Question

The solubility product of a salt having formula ${M_2}{X_3}$ is $2.2 \times {10^{ - 20}}$. If the solubility of an another salt having formula ${M_2}X$ is twice the molar enthalpy of ${M_2}{X_3}$, the solubility product of ${M_2}X$ is:
A.$3 \times {10^{ - 12}}$
B.$9.16 \times {10^{ - 5}}$
C.$4.58 \times {10^{ - 5}}$
D.$2.76 \times {10^{ - 18}}$

Answer 1

Hint:When we have to calculate the molarity of an ion and its solubility product is known, we find the solubility of the ion in the solution as it is equal to the concentration of the ion in the given solution. The solubility product or ${{\text{K}}_{{\text{sp}}}}$ represents the equilibrium between a salt and its dissociated ions in a solution.
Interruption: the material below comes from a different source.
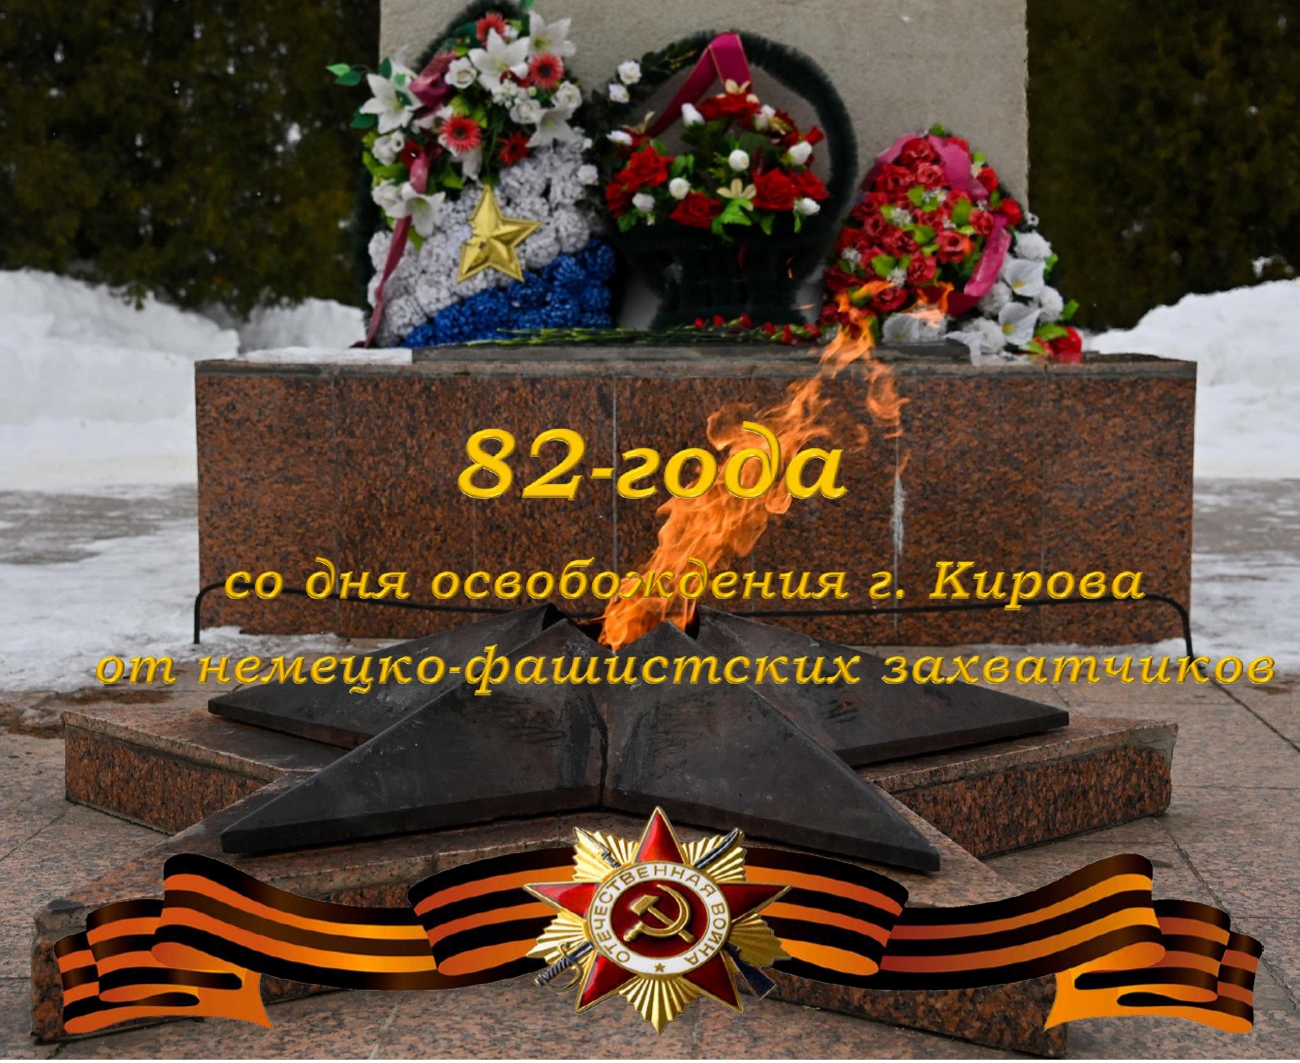 Сегодня отмечается важная памятная дата в истории города Кирова - 82 годовщина освобождения города Кирова от немецко-фашистских захватчиков!.
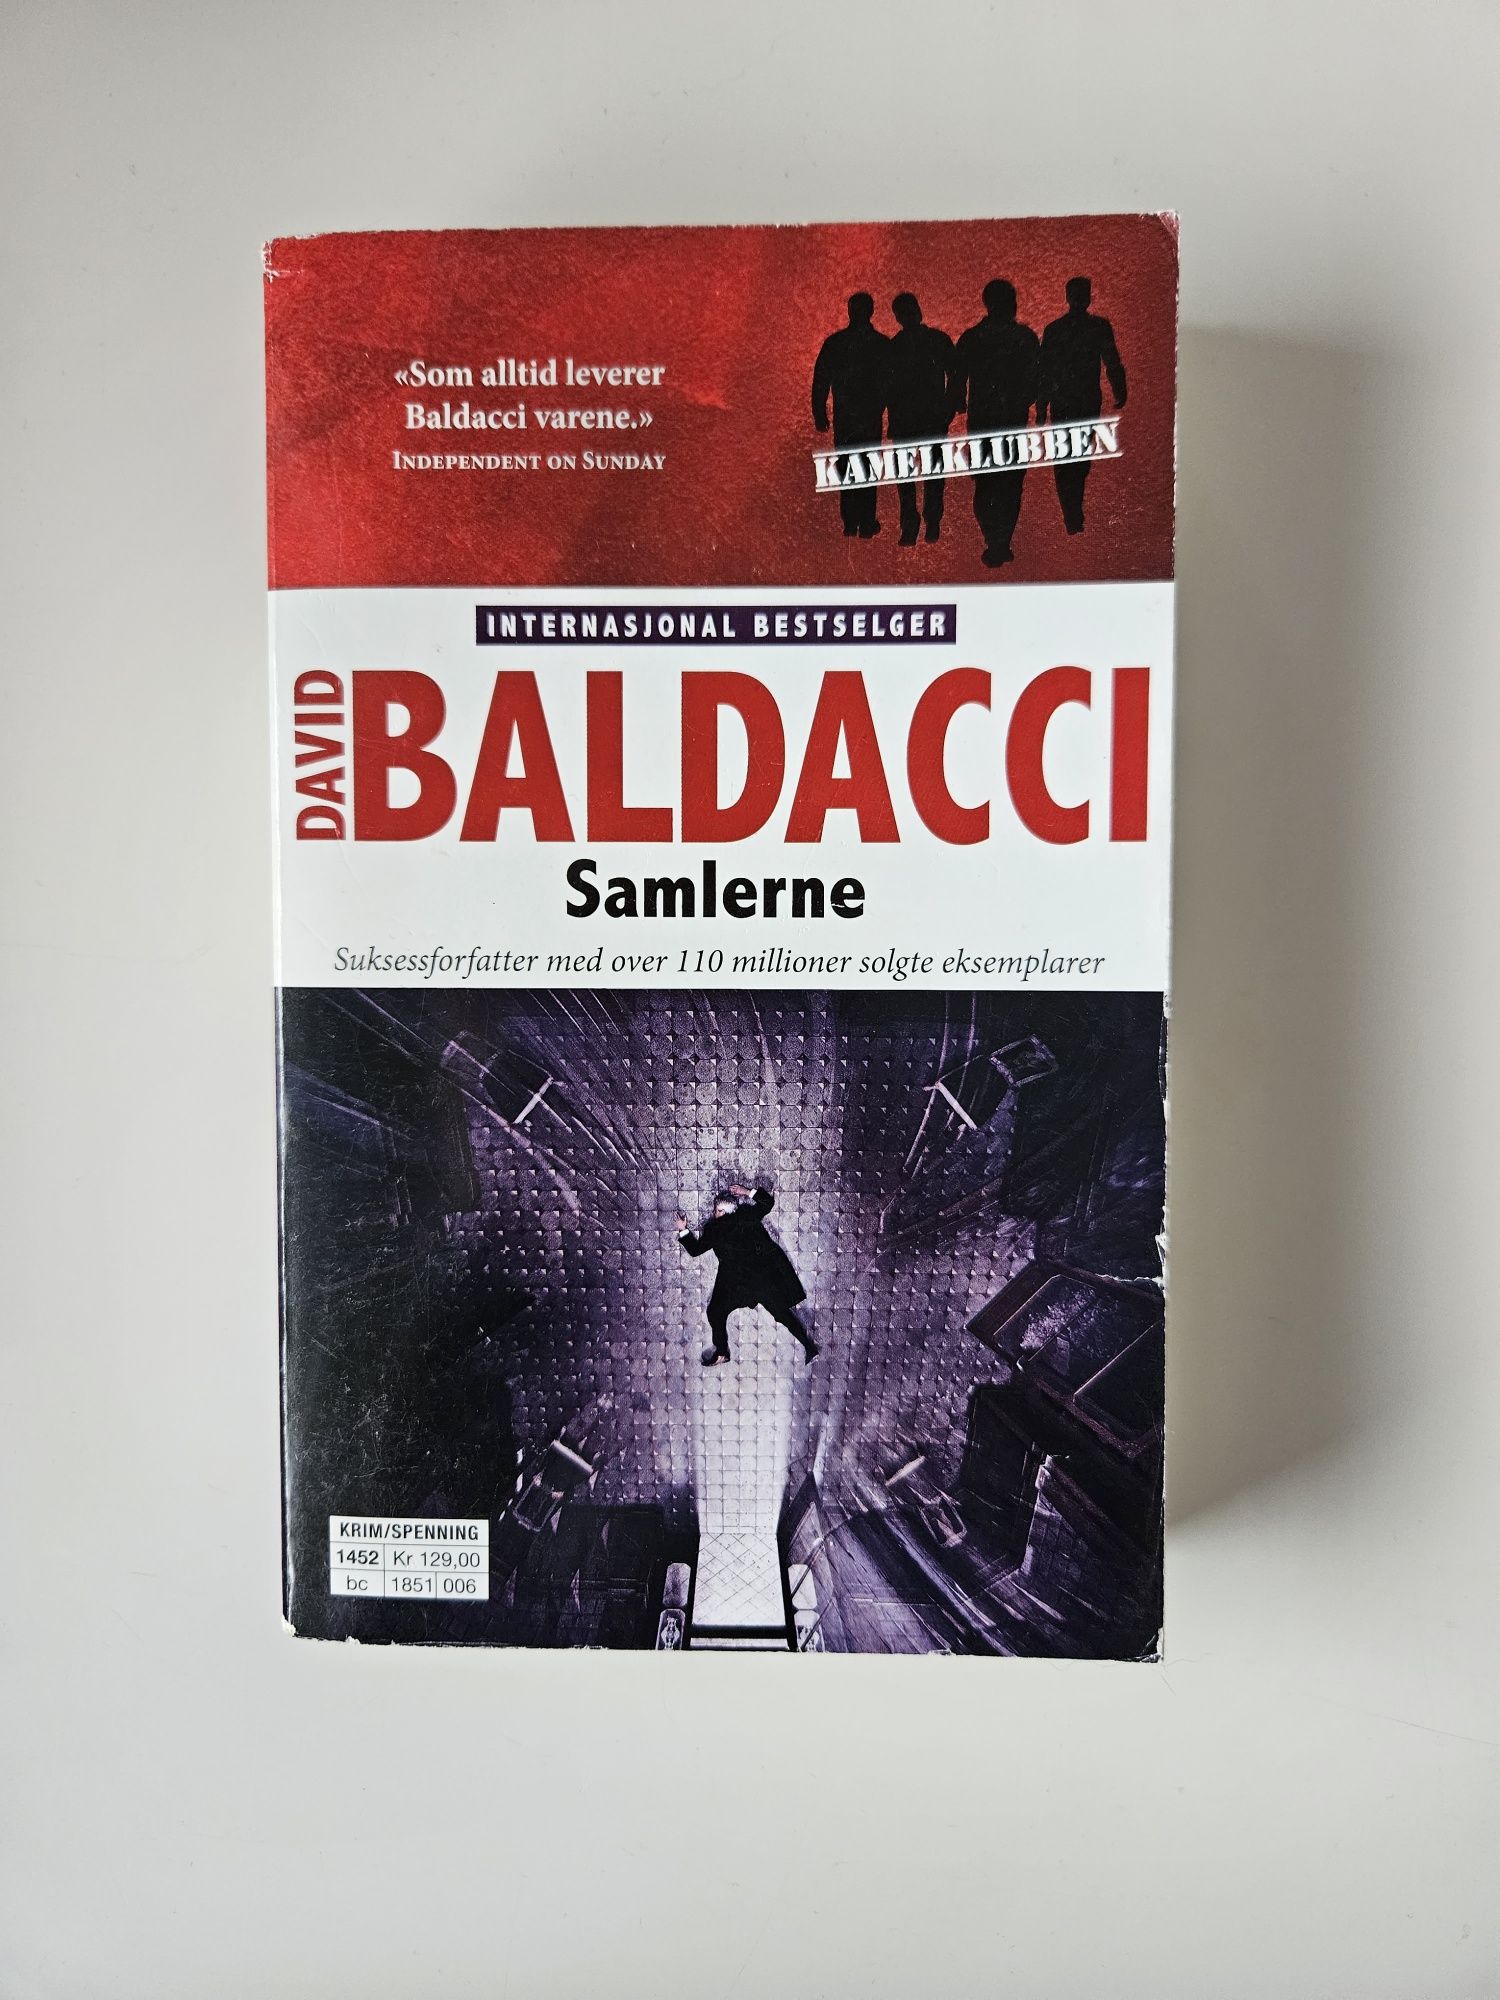 Samlerne David Baldacci

Complete step by step answer:
The solubility product constant of a salt is the equilibrium constant for the dissolving of a solid salt into water making an aqueous solution. When the solid substance is in equilibrium with its saturated solution, the product of the concentrations of the constituent ions present in the solution gives the solubility product. The solubility product can also be expressed in terms of the solubility of ions formed by dissociation in the solution.
The dissolution of ${M_2}{X_3}$ is given as,
${M_2}{X_3}(s) \rightleftharpoons 2M\left( {aq} \right) + 3X\left( {aq} \right)$
Considering the concentration of M as x, concentration of X is $\dfrac{3}{2}x$.
We know that solubility products are given as the product of the concentrations or solubilities of the constituent ions. Hence, ${K_{sp}} = {\left( x \right)^2}{\left( {3x/2} \right)^3} = 2.2 \times {10^{ - 10}}$
$ \Rightarrow {x^3} = 6.5 \times {10^{ - 11}}$
$\therefore x = 4 \times {10^{ - 4}}$
So, the molar solubility of M is $\dfrac{1}{2}\left( {4 \times {{10}^{ - 4}}} \right) = 2 \times {10^{ - 4}}$
The solubility of ${M_2}X$ is given as twice the molar enthalpy of ${M_2}{X_3}$
${M_2}X \rightleftharpoons 2M(aq) + X(aq)$
Let the solubility of X as y.
${K_{sp}} = {\left( {2y} \right)^2}\left( y \right) = 4{y^3}$
${K_{sp}} = 4{\left( {4 \times {{10}^{ - 4}}} \right)^3} = 3 \times {10^{ - 12}}$

Hence, the correct answer is A.

Note:
The equilibrium constant is in general numerically calculated by allowing the reaction under consideration to proceed to equilibrium and then measuring the concentrations of each constituent present in the reaction mixture. Since the concentrations of the constituents of the reaction mixture are measured at equilibrium, the equilibrium constant always has the same value for a given reaction irrespective of the initial amount taken of the reactants.